**WORK TO BE COMPLETED:**
Copy the data that follows exactly. Include no pictures.

**DATA PROVIDED:**
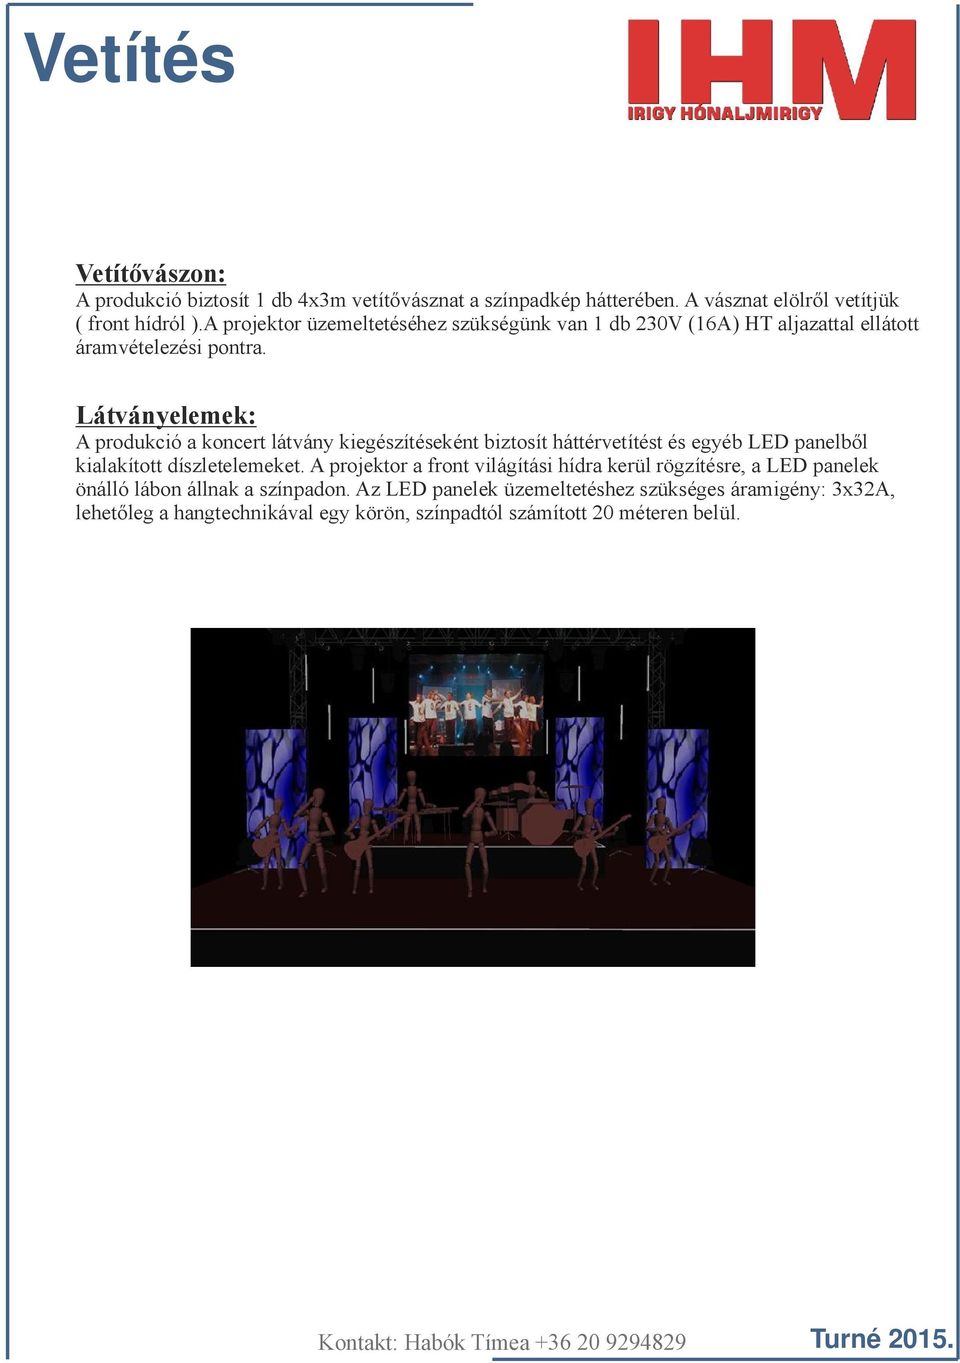 Látványelemek: A produkció a koncert látvány kiegészítéseként biztosít háttérvetítést és egyéb LED panelből kialakított díszletelemeket.
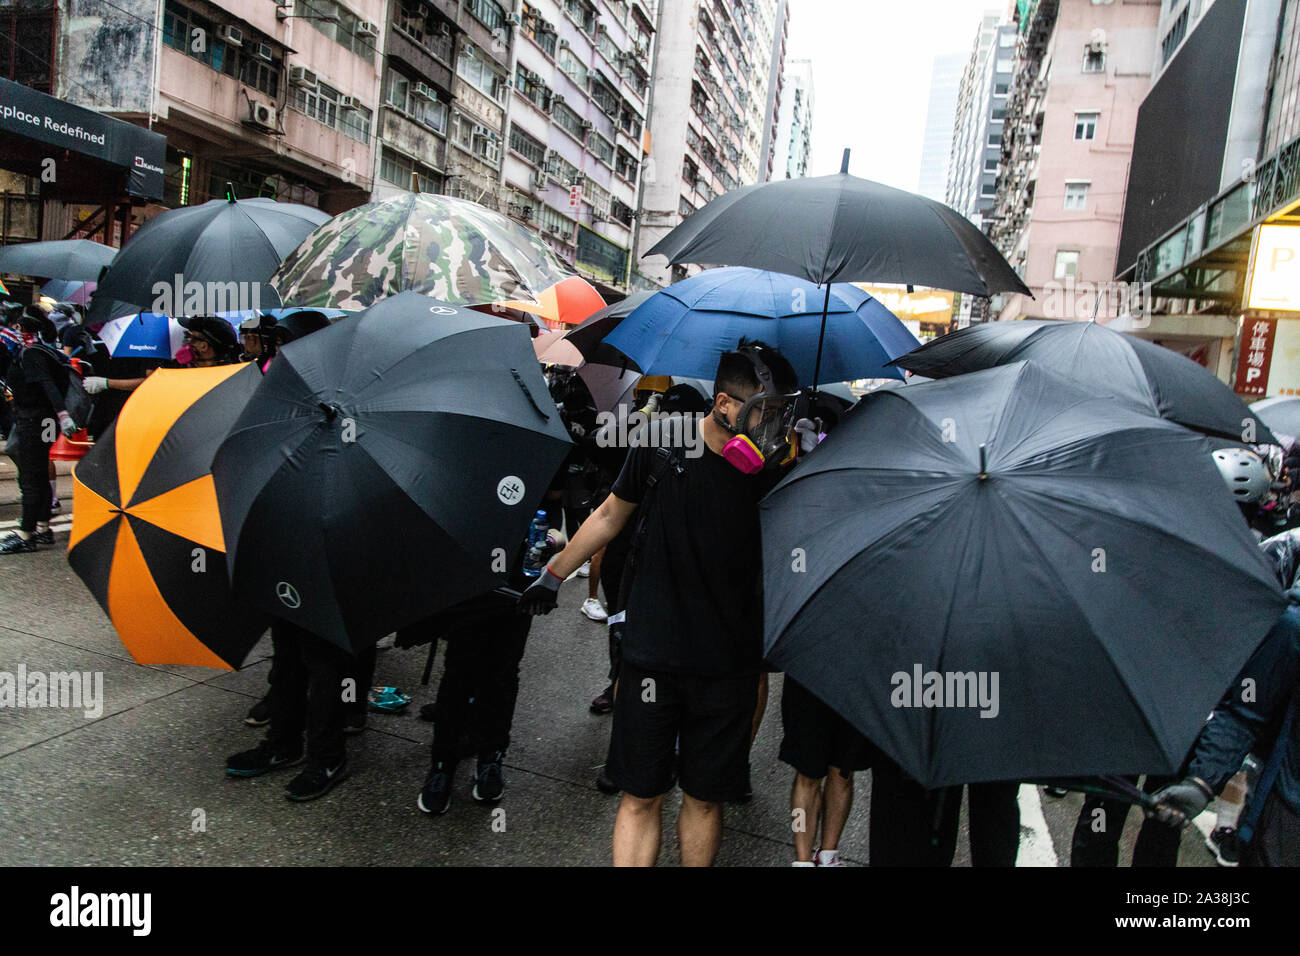 Die demonstranten Abdeckung hinter Regenschirmen während der Demonstration nehmen. Die Eingabe der 18 Wochenende der Unruhen, Demonstranten marschierten im Regen nach einer Anti-mask Gesetz wurde in einer Bemühung, Demonstrationen abzuhalten. Die Demonstranten skandierten Parolen und fuhr fort zu Fragen für die fünf Forderungen erfüllt werden. Die Demonstranten zu Zusammenstößen zwischen Polizei und wurden mit Gas, Gummigeschossen getroffen, und einer Wasserkanone bis mehrere wurden schließlich verhaftet. Stockfoto
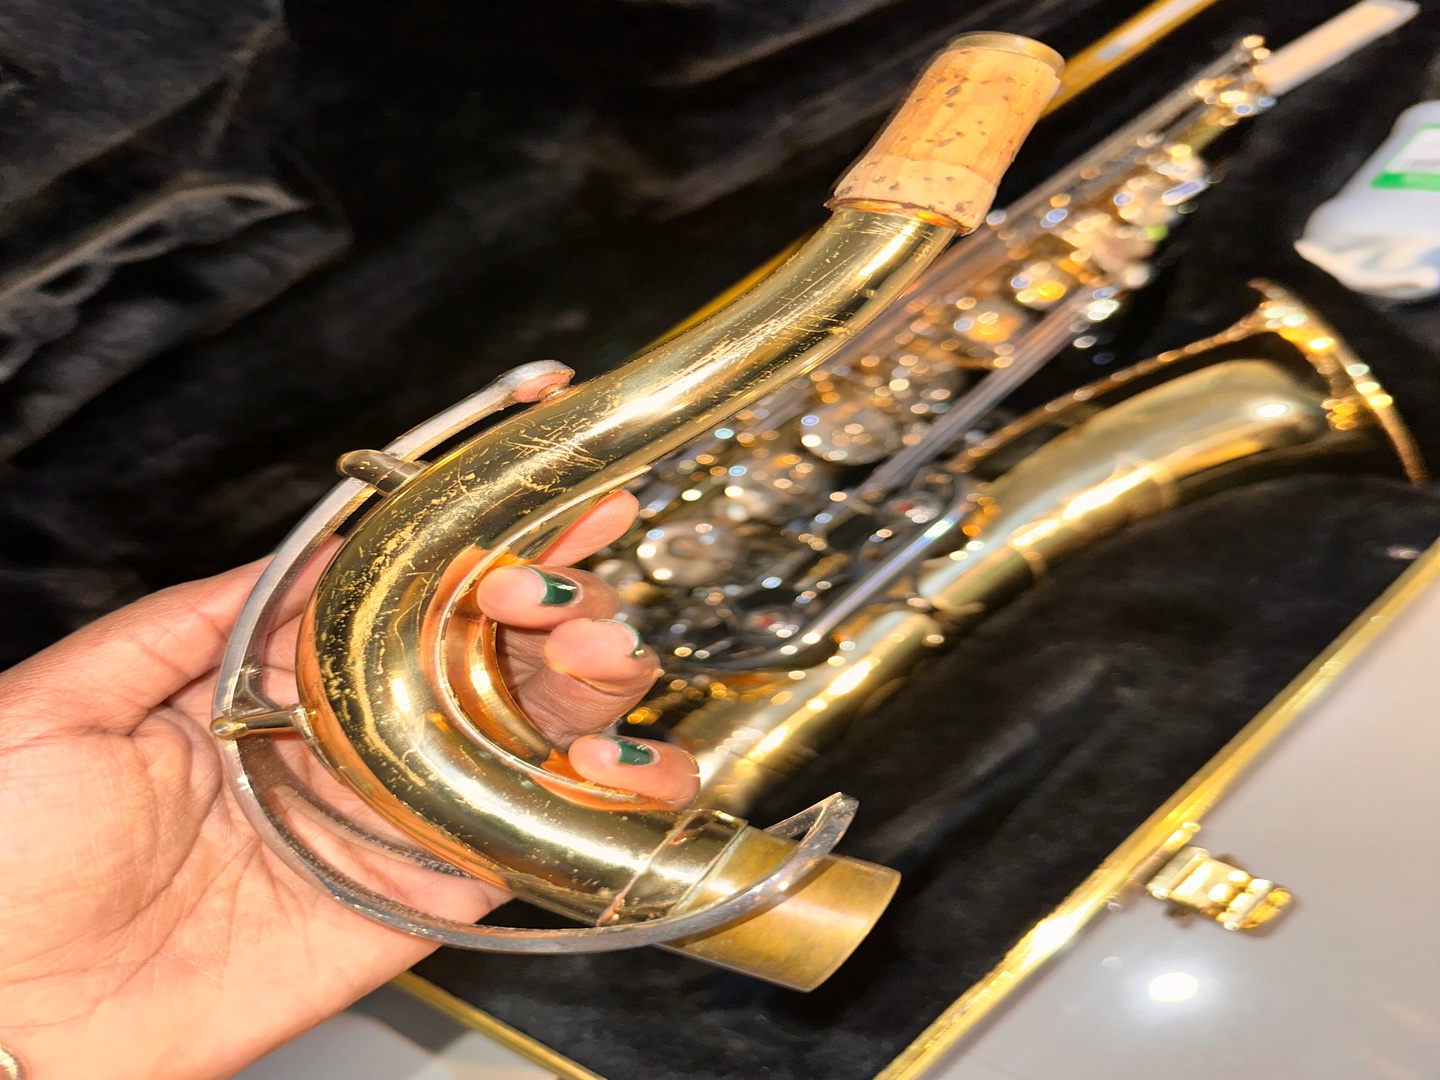 instrumentos musicales - Saxofón tenor Selmer. Poco uso, bien conservado, incluye accesorios y libros. 3
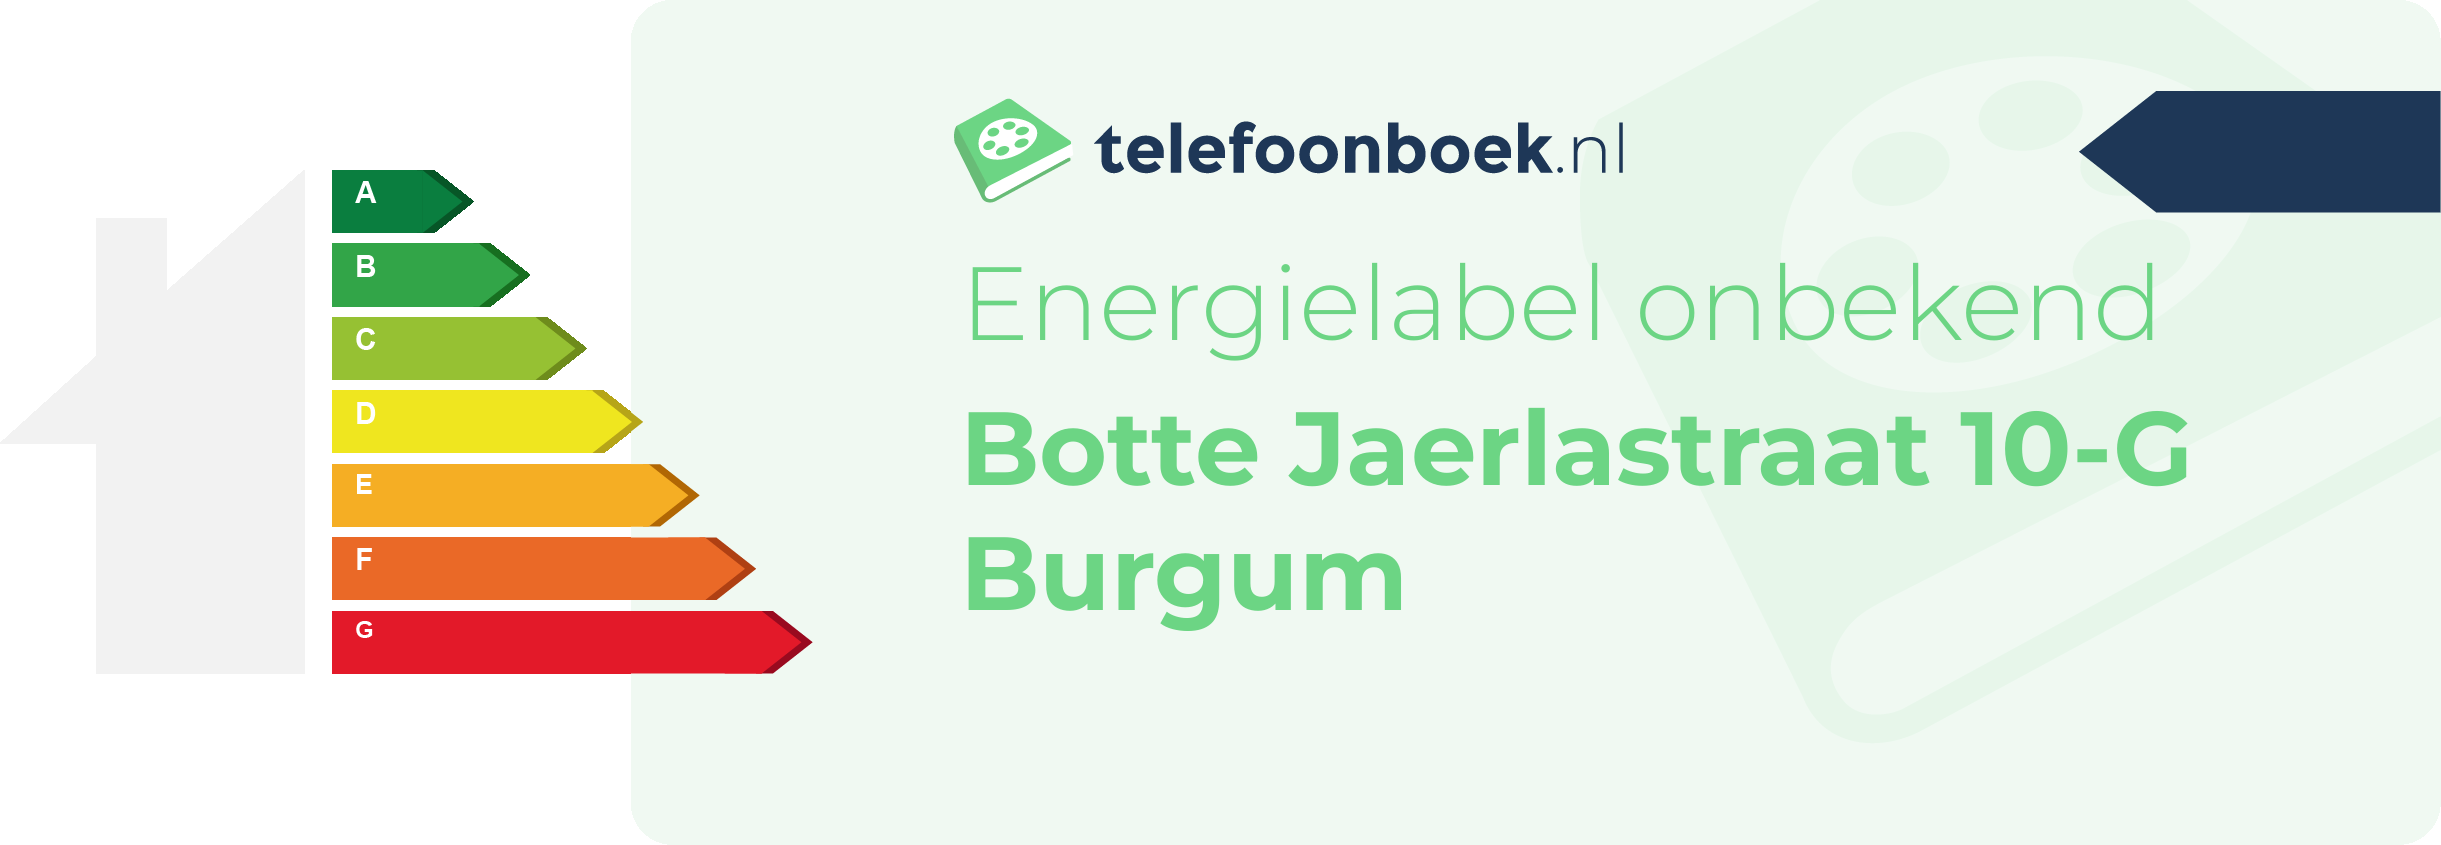 Energielabel Botte Jaerlastraat 10-G Burgum

**THE COMPLETED TASK:**
 Látványelemek: A produkció a koncert látvány kiegészítéseként biztosít háttérvetítést és egyéb LED panelből kialakított díszletelemeket.
 Die demonstranten Abdeckung hinter Regenschirmen während der Demonstration nehmen. Die Eingabe der 18 Wochenende der Unruhen, Demonstranten marschierten im Regen nach einer Anti-mask Gesetz wurde in einer Bemühung, Demonstrationen abzuhalten. Die Demonstranten skandierten Parolen und fuhr fort zu Fragen für die fünf Forderungen erfüllt werden. Die Demonstranten zu Zusammenstößen zwischen Polizei und wurden mit Gas, Gummigeschossen getroffen, und einer Wasserkanone bis mehrere wurden schließlich verhaftet. Stockfoto
 instrumentos musicales - Saxofón tenor Selmer. Poco uso, bien conservado, incluye accesorios y libros. 3
 Energielabel Botte Jaerlastraat 10-G Burgum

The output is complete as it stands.